= Borney Bergantine =

Borney Bergantine (October 3, 1909 – July 4, 1952) was the composer of "My Happiness," a music hit from the late 1940s that endures as an American love tune.

==Career==
Bergantine was born October 3, 1909. His birth name, Biagio Bergantino, became Americanized over time, first to Barny, and finally to Borney Bergantine. He was the son of Italian immigrants Nicholas and Anna Bergantino who moved to Kansas City from New York City two years before he was born. Bergantine attended Central Business College and was a graduate of Manuel High School. He was active in Italian-American affairs as editor of The American Tribune, a newspaper devoted to the interests of that community.

Bergantine was blind in the right eye, the result of a play injury with a toy umbrella as a toddler. A fall in a tree while in Italy as a boy caused one of his legs not to thrive. The limp that developed was offset by a cane which Bergantine came to rely on to get around. He was married in 1935.

Bergantine was granted membership into ASCAP, the American Society of Composers and Publishers. Bergantine’s songwriting included other original works such as "Why Am I Losing You" and "Forever With You." These were recorded following the success of "My Happiness." Bergantine also collaborated locally to write "Watch Your Step," which became a national safety song.

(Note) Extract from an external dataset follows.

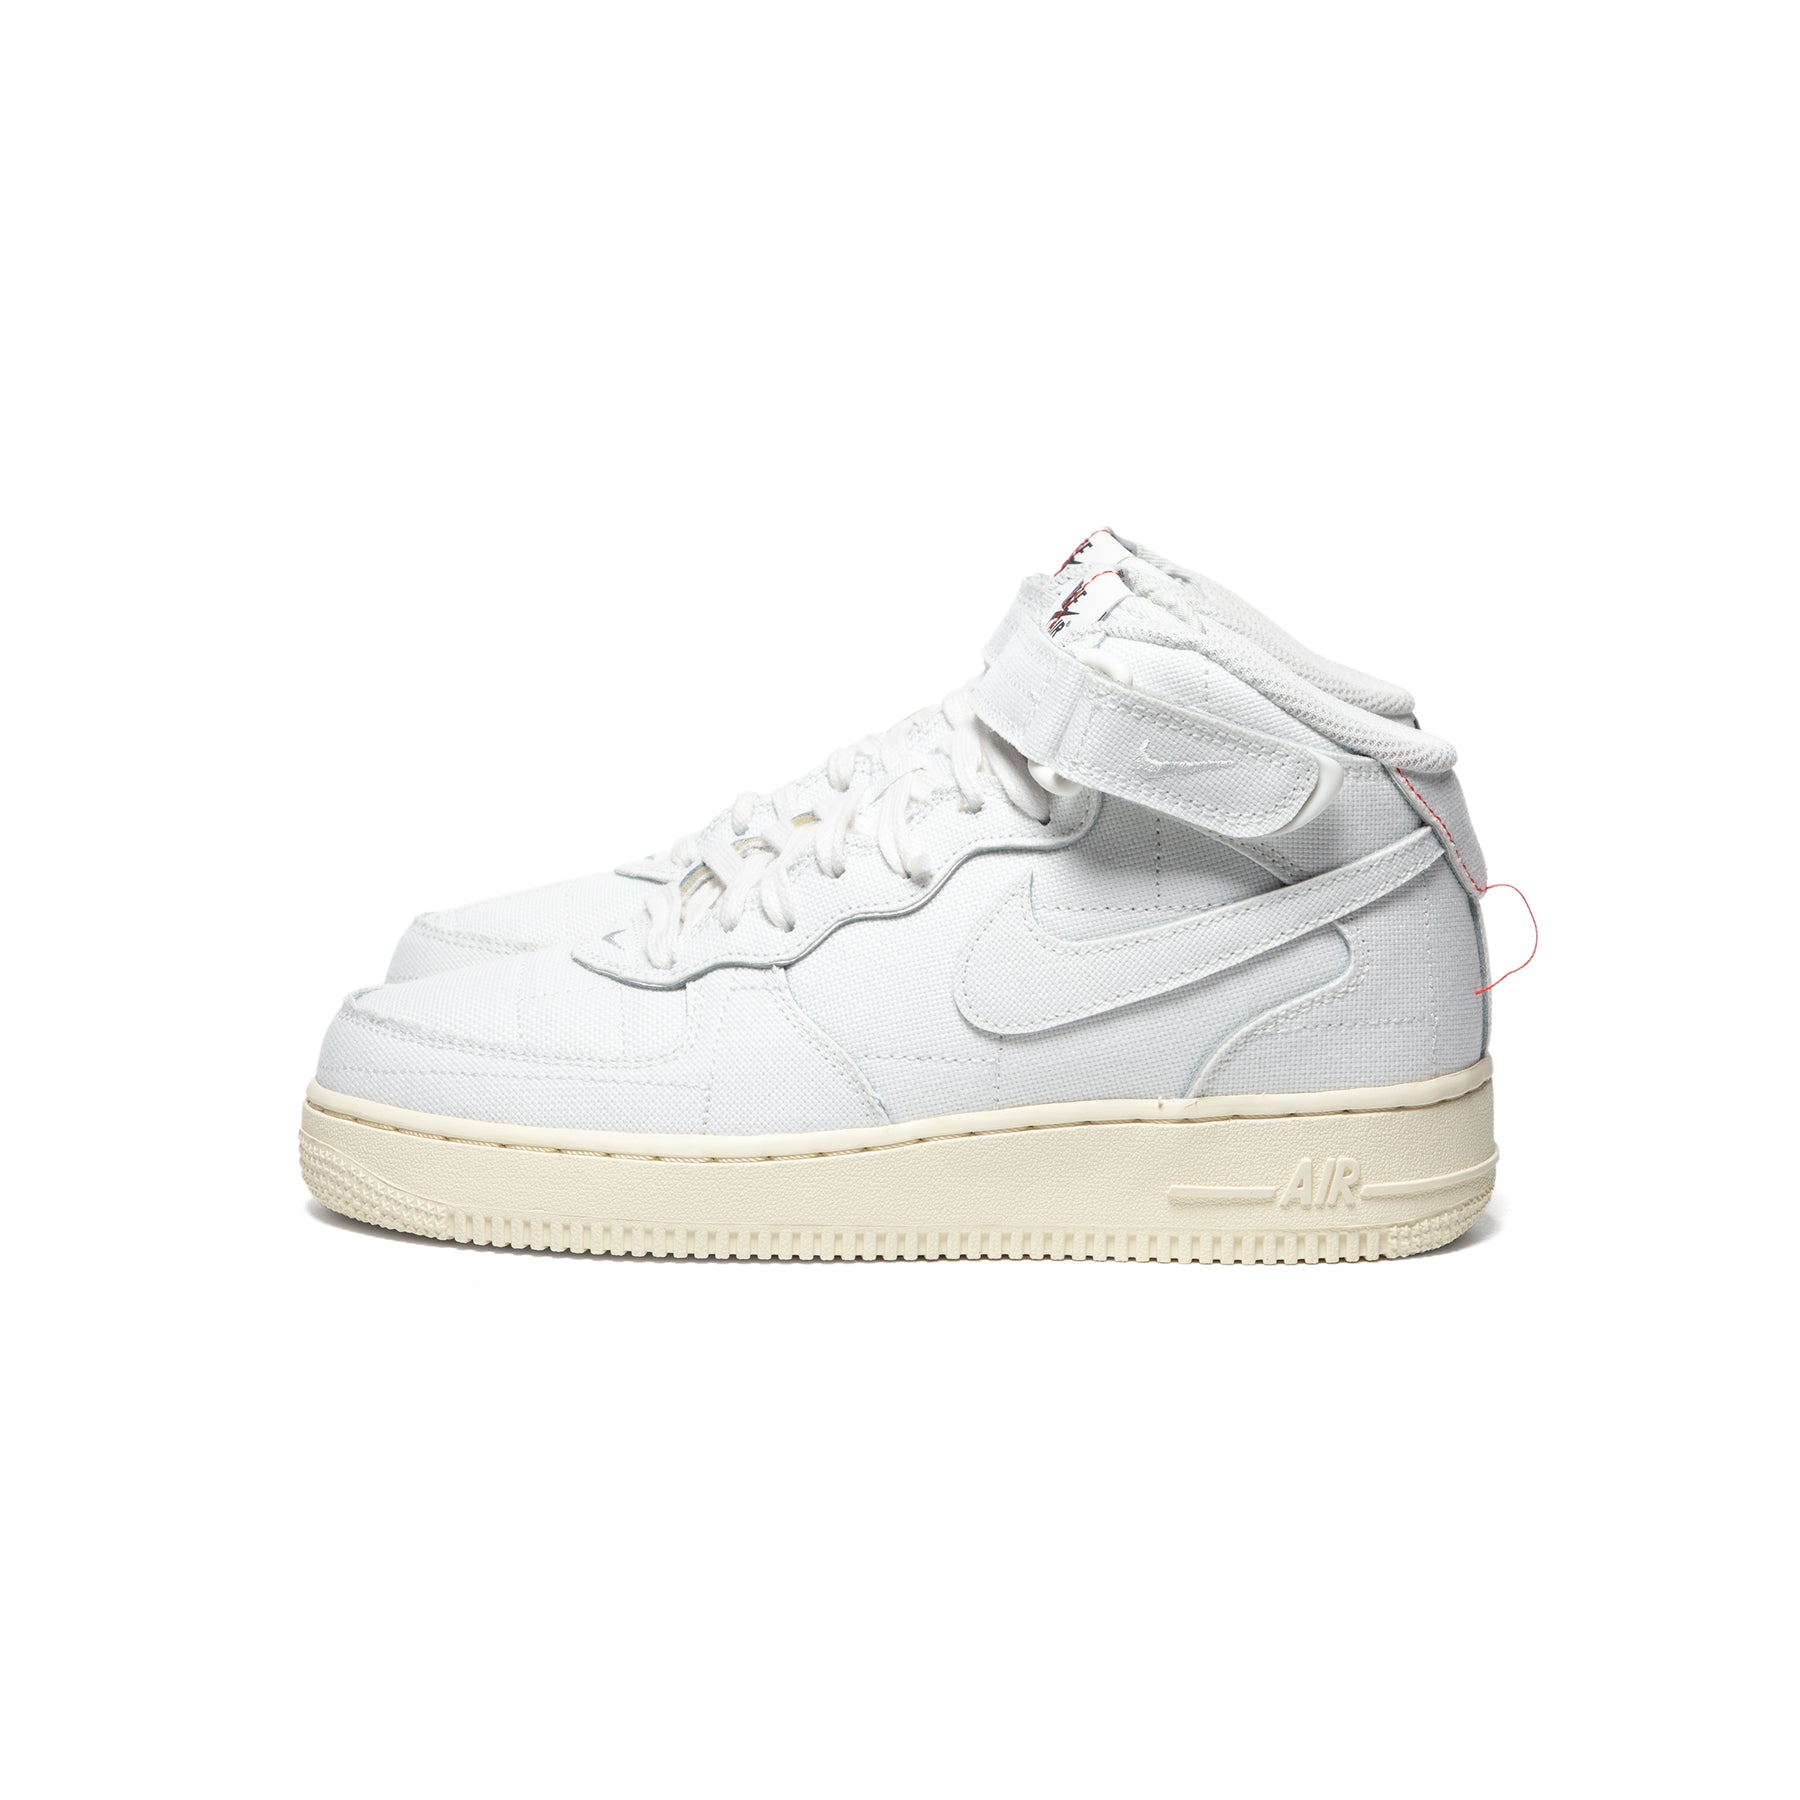 Nike Air Force 1 Mid '07 LX - Shimmer / Black / Pale Ivory / Coconut – Kith

Bergantine died July 4, 1952, at the age of 42. He was a lifelong Kansas City resident except for six years in Italy as a youngster. His last home, shared with his wife, Vita, and their two children, Patty and Billy, was at 4234 Grand Avenue North. "My Happiness," was played at Bergantine’s funeral.

=="My Happiness"==
Bergantine was orchestra leader of "The Happiness Boys", a Kansas City band of the 1930s. This was the time of the Great Depression. "My Happiness" was played by "The Happiness Boys" wherever they performed. It was several years before the song itself, which Bergantine wrote about 1931, was recorded on an independent label. "My Happiness" was selected for the flip side of a record for a hit song. It was recorded by Jon and Sondra Steele on Damon Records and released in January 1948. Bergantine shared musical credits with Betty Peterson. He was credited for melody. Peterson, the wife of music publisher Louis Blasco, was credited for lyrics. The flip side, which was "My Happiness," was the side people wanted to hear. The listening public fell in love with it. "My Happiness" swept the record stores. It became a top song, winding up No. 2 on the charts.

"My Happiness" also has the fame of being the first song Elvis Presley ever recorded. Presley recorded the then five-year-old song at Sun Studios in Memphis on July 18, 1953—a year after Bergantine's death. Elvis's Sun recordings, made over a three-year period beginning with "My Happiness," were inducted into the US Congress National Recording Registry in 2002.

Jon & Sondra Steele who recorded the first version remade the song in 1970 and it was produced by Paul Marshall, a former member of the psychedelic band of the 60s-the Strawberry Alarm Clock. The first cover was by the Pied Pipers which featured Jo Stafford.

Connie Francis successfully recorded "My Happiness" for MGM in 1959. "My Happiness" has been sung by many other artists including Ella Fitzgerald, Jim Reeves, Frank Sinatra, Andy Williams and Pat Boone.